- Chronologie van de stopzetting van de vervolgingen tegen christenen in het Romeinse Rijk
- Edict van tolerantie
- Edict van Milaan
- Edict van Constantinopel
- De staat - Kerk benadering
- Referenties
Het einde van de vervolgingen tegen christenen in het Romeinse Rijk vond plaats rond het jaar 311 na Christus, toen keizer Gaius Galerius Valerius Maximiano het Edict van Tolerantie uitvaardigde. Dit edict erkende verschillende rechten voor christenen, waaronder het vrij belijden van hun religie en het bouwen van hun kerken.
Nu begonnen deze vervolgingen tegen christenen in het Romeinse Rijk in de periode van keizer Nero Claudius Caesar Augustus Germanicus op 13 oktober 54 n.Chr.

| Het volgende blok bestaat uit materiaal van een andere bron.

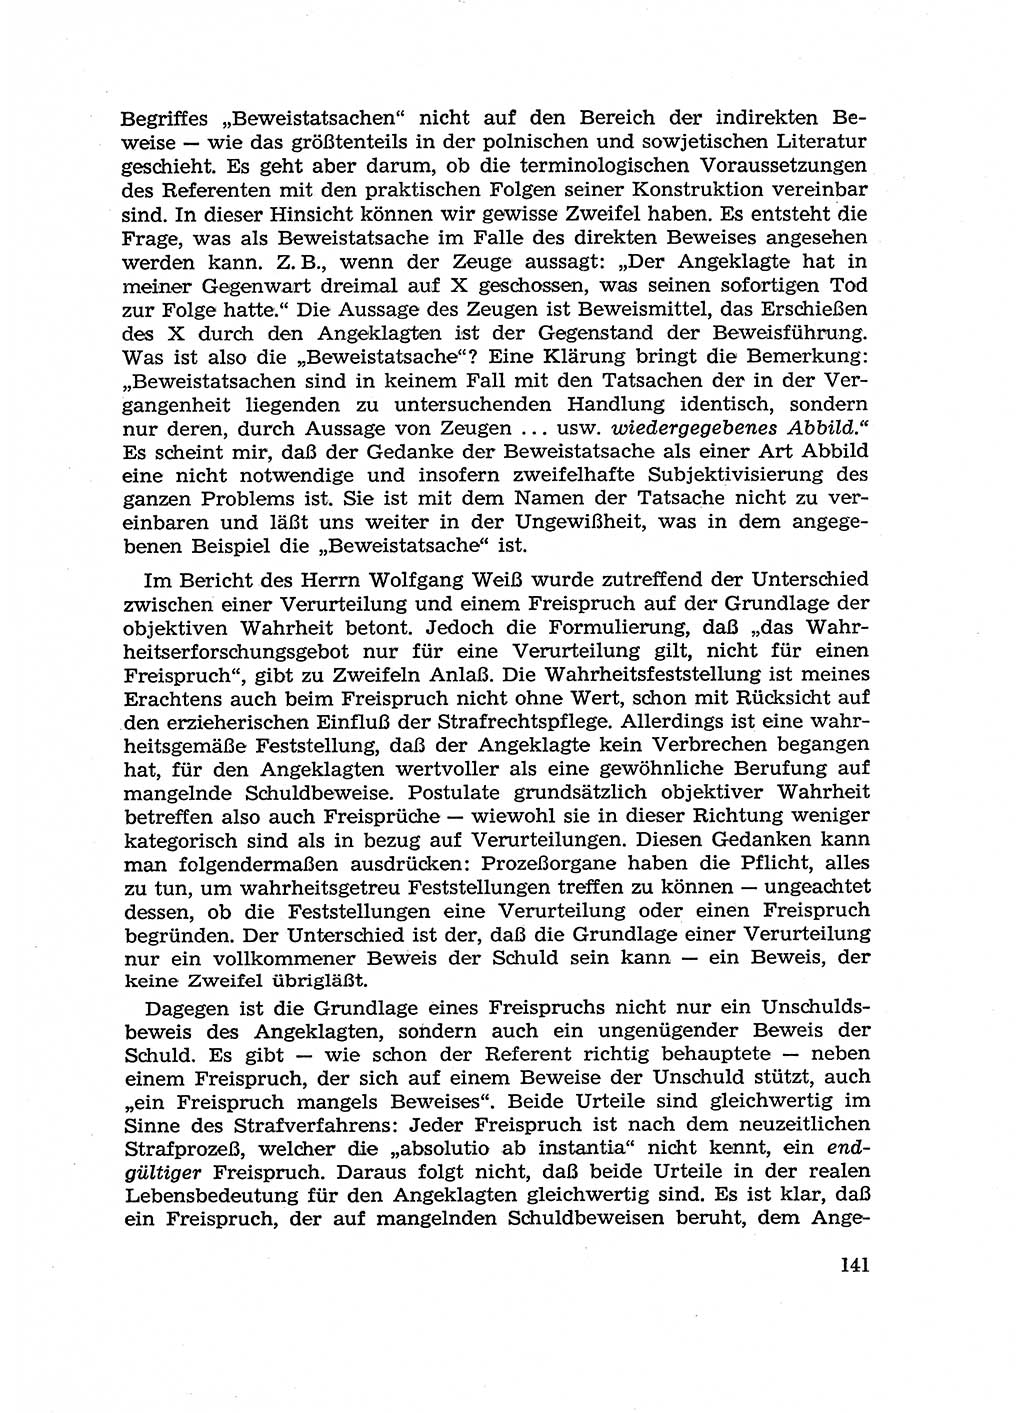 Fragen des Beweisrechts im Strafprozess [Deutsche Demokratische Republik (DDR)] 1956, Seite 141 (Fr. BeweisR. Str.-Proz. DDR 1956, S. 141)

Christus voor Herodes. Auteur: Master of Sigena
Op die datum beschuldigde deze monarch hen ervan de brand in Rome te hebben veroorzaakt. Deze beschuldiging moest de geruchten onderdrukken dat hij zelf de schuldige was geweest.
Uit deze klacht verklaarden ze de volgelingen van de christelijke religie als vijanden van het rijk. Vervolgens werden ze - op bevel van opeenvolgende keizers - belegerd, opgejaagd, gevangengenomen en geëxecuteerd. De sancties omvatten ook de vernietiging van tempels en heilige boeken, evenals de confiscatie van eigendommen.

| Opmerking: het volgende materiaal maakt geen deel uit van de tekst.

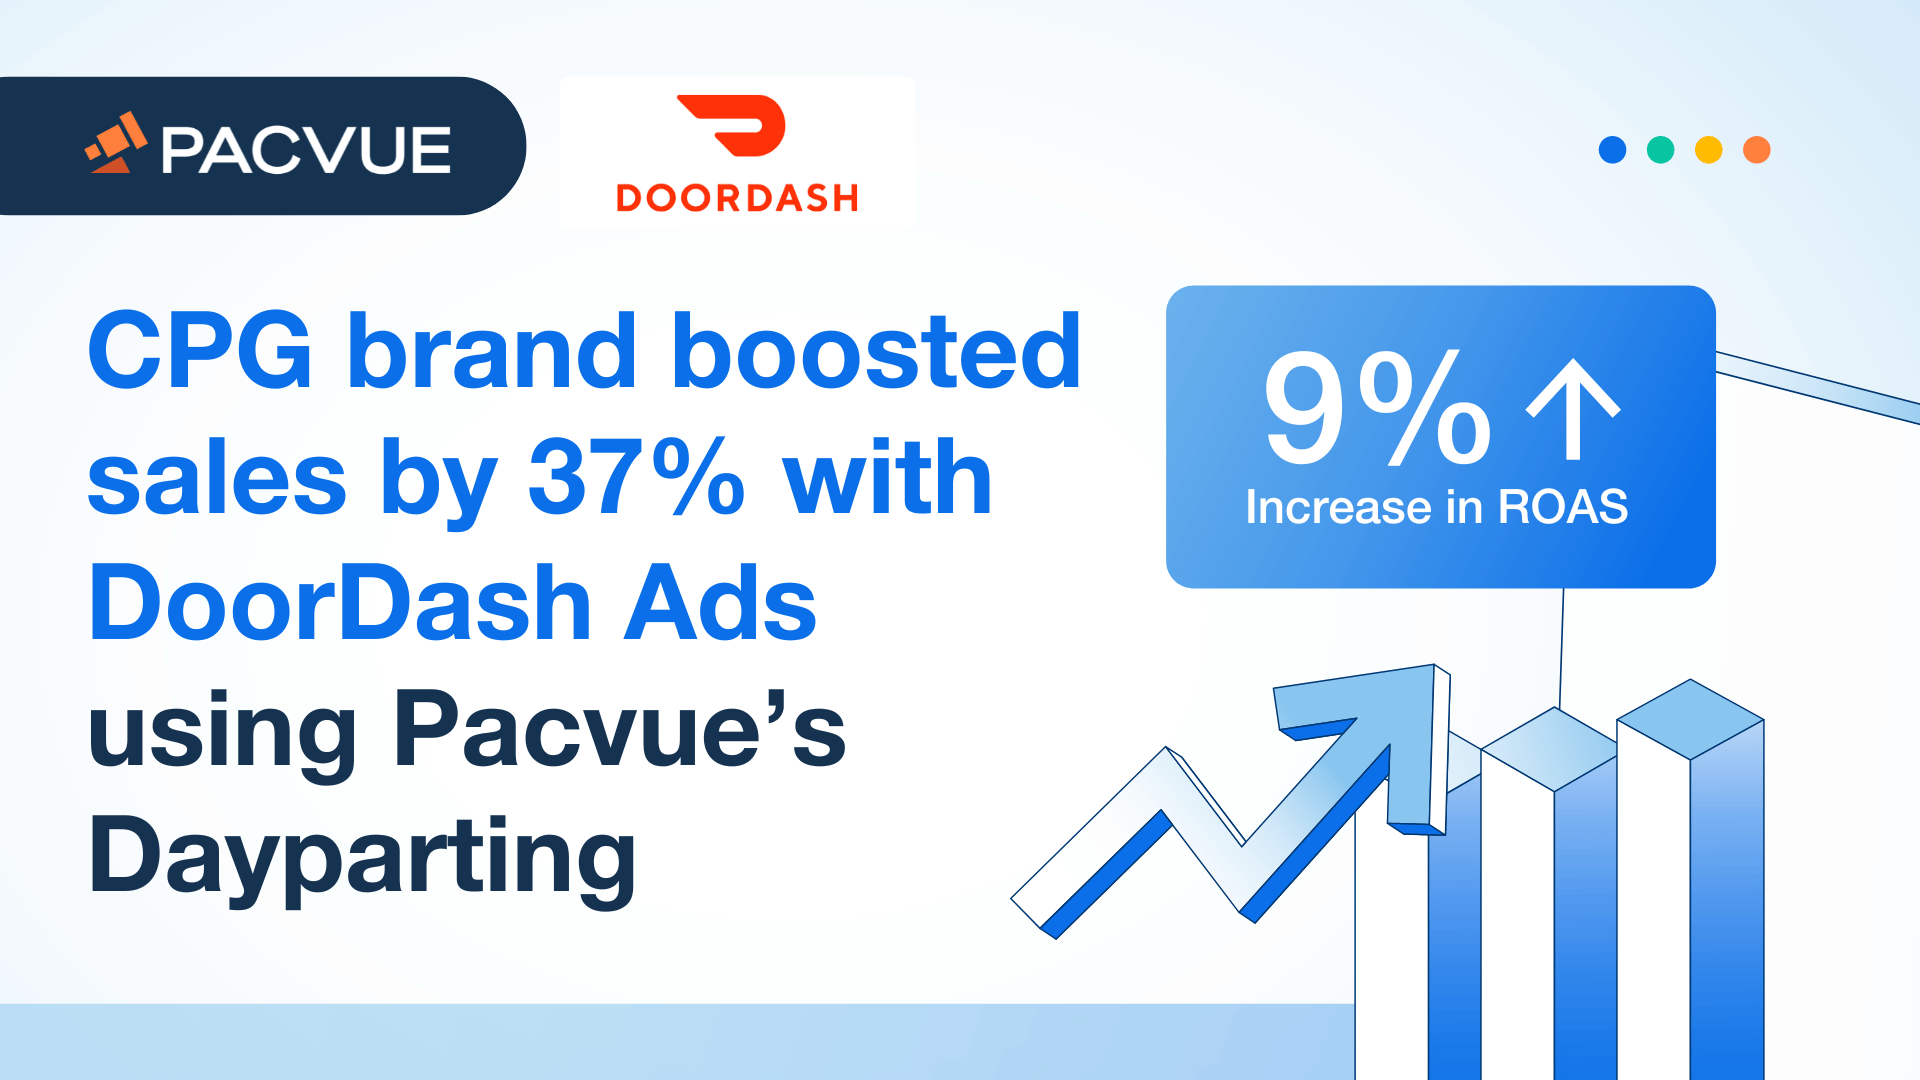 La marque de produits de grande consommation a augmenté ses ventes de 37 % grâce aux publicités DoorDash utilisant le Dayparting de Pacvue.

Na het Edict van Tolerantie verbeterde het samenleven met christenen. In 313 n.Chr. Vaardigden de keizers Flavius Valerius Aurelius Constantijn en Flavius Galerius Valerius Licinianus Licinius het Edict van Milaan uit, dat vrijheid van aanbidding toestond.
Dit gaf een grote impuls aan het christendom, dat een periode van aanhoudende groei en ontwikkeling doormaakte.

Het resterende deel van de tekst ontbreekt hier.